Assignment:
In the material below, begin at the line that has "Palma, Spagna - 25", stop after the line that has "Фото решения 5: Номер", and transcribe those lines exactly, without pictures.

Provided records:
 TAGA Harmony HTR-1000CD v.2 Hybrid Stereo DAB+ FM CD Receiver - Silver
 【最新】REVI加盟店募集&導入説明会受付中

--

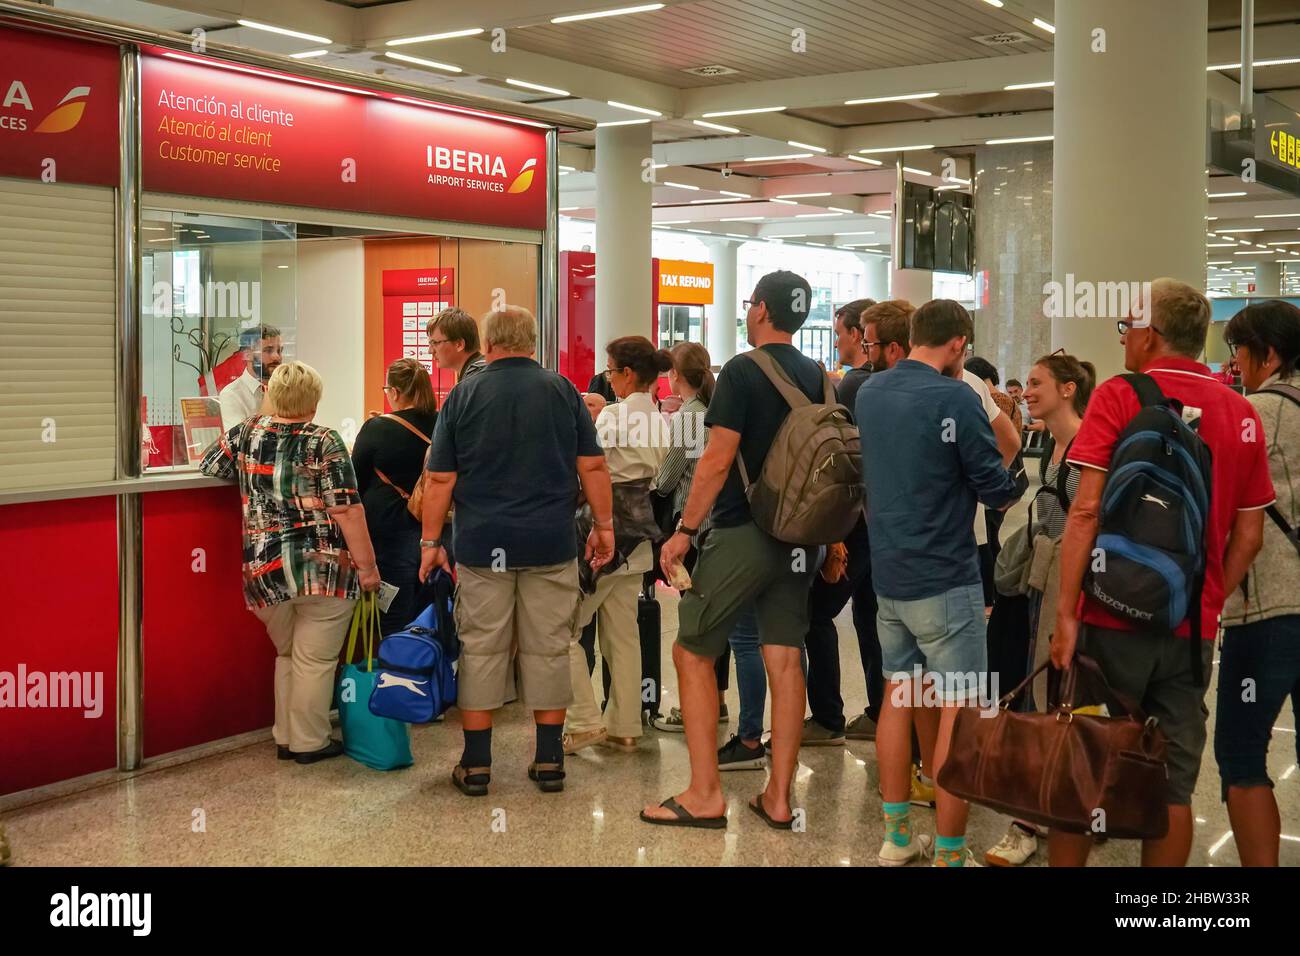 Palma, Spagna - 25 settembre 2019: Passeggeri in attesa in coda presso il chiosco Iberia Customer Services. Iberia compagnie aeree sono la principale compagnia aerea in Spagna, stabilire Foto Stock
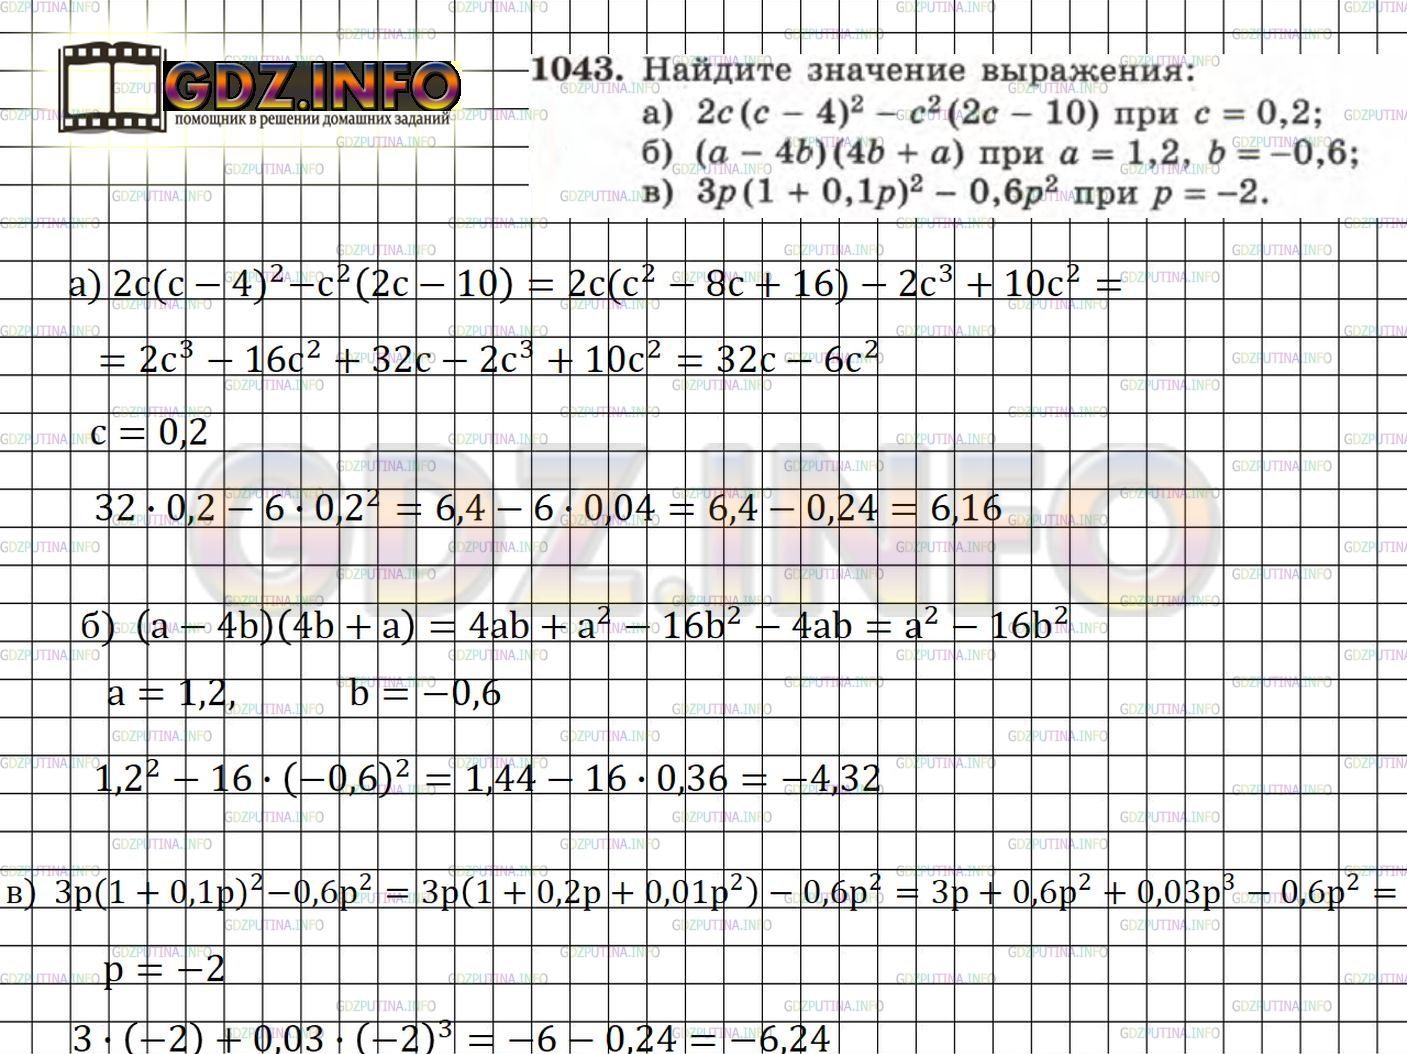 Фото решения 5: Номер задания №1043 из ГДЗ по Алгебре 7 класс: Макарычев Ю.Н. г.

---

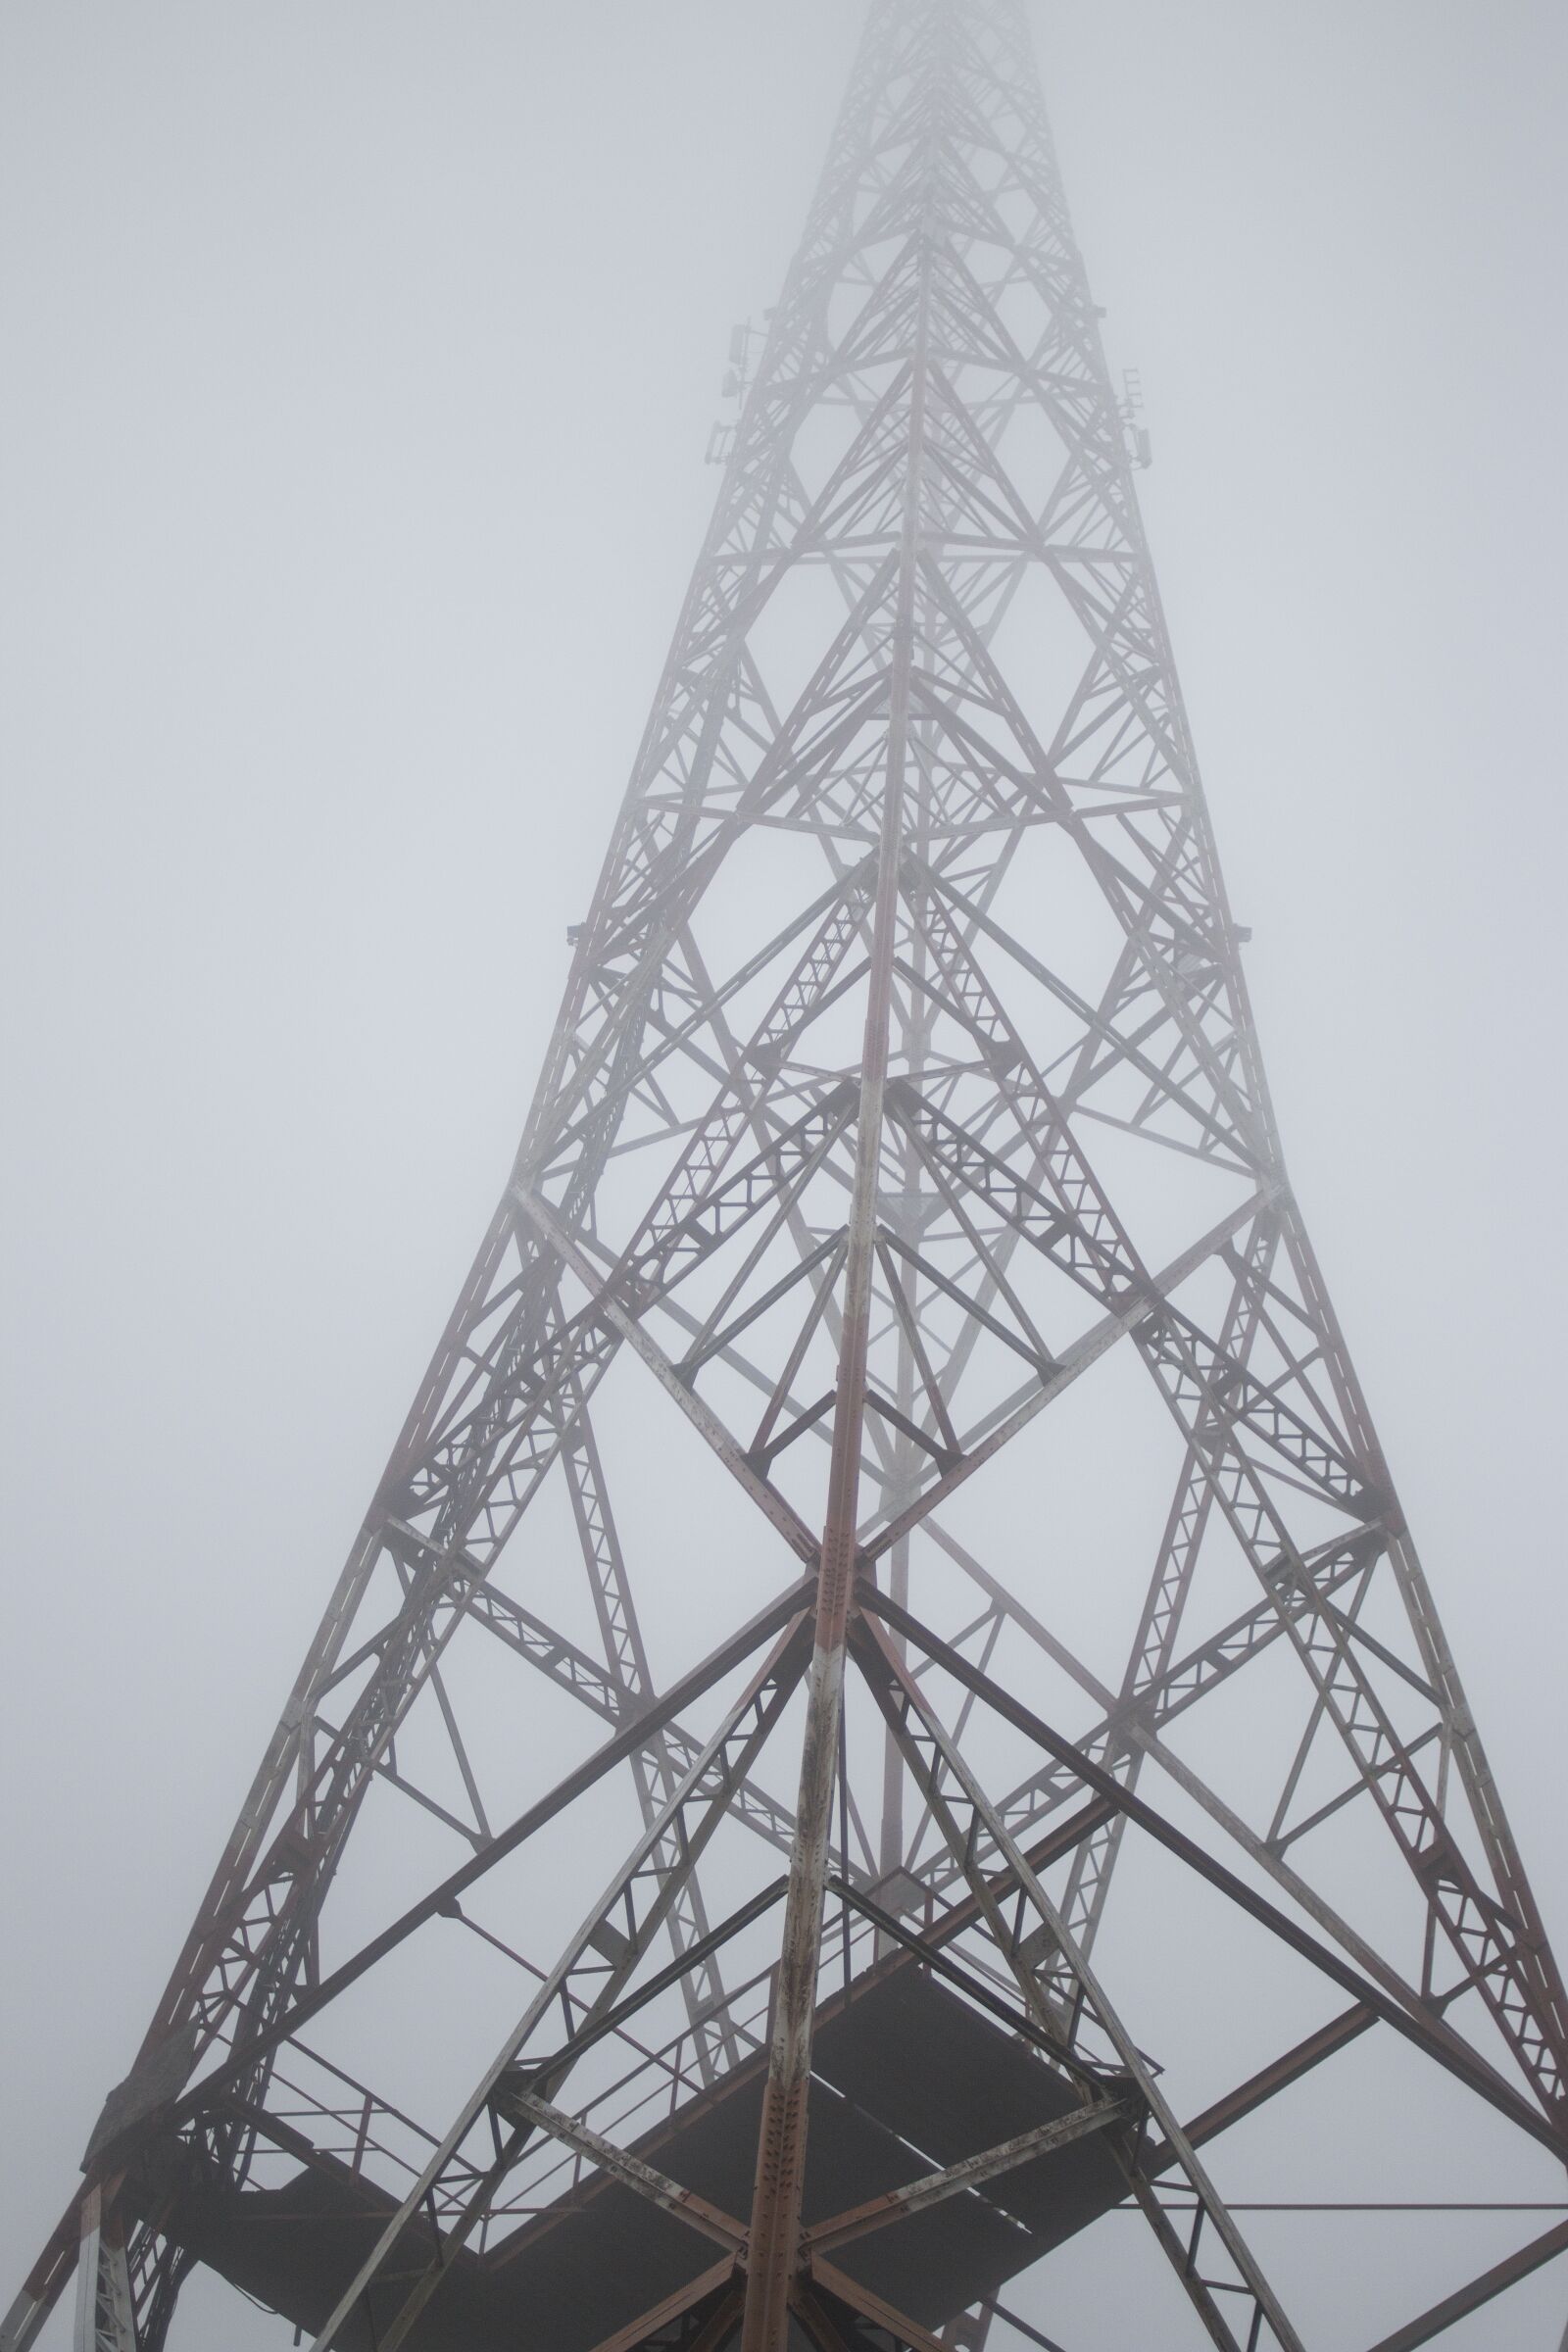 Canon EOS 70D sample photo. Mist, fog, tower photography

Answer for this exercise:
 Palma, Spagna - 25 settembre 2019: Passeggeri in attesa in coda presso il chiosco Iberia Customer Services. Iberia compagnie aeree sono la principale compagnia aerea in Spagna, stabilire Foto Stock
 Фото решения 5: Номер задания №1043 из ГДЗ по Алгебре 7 класс: Макарычев Ю.Н. г.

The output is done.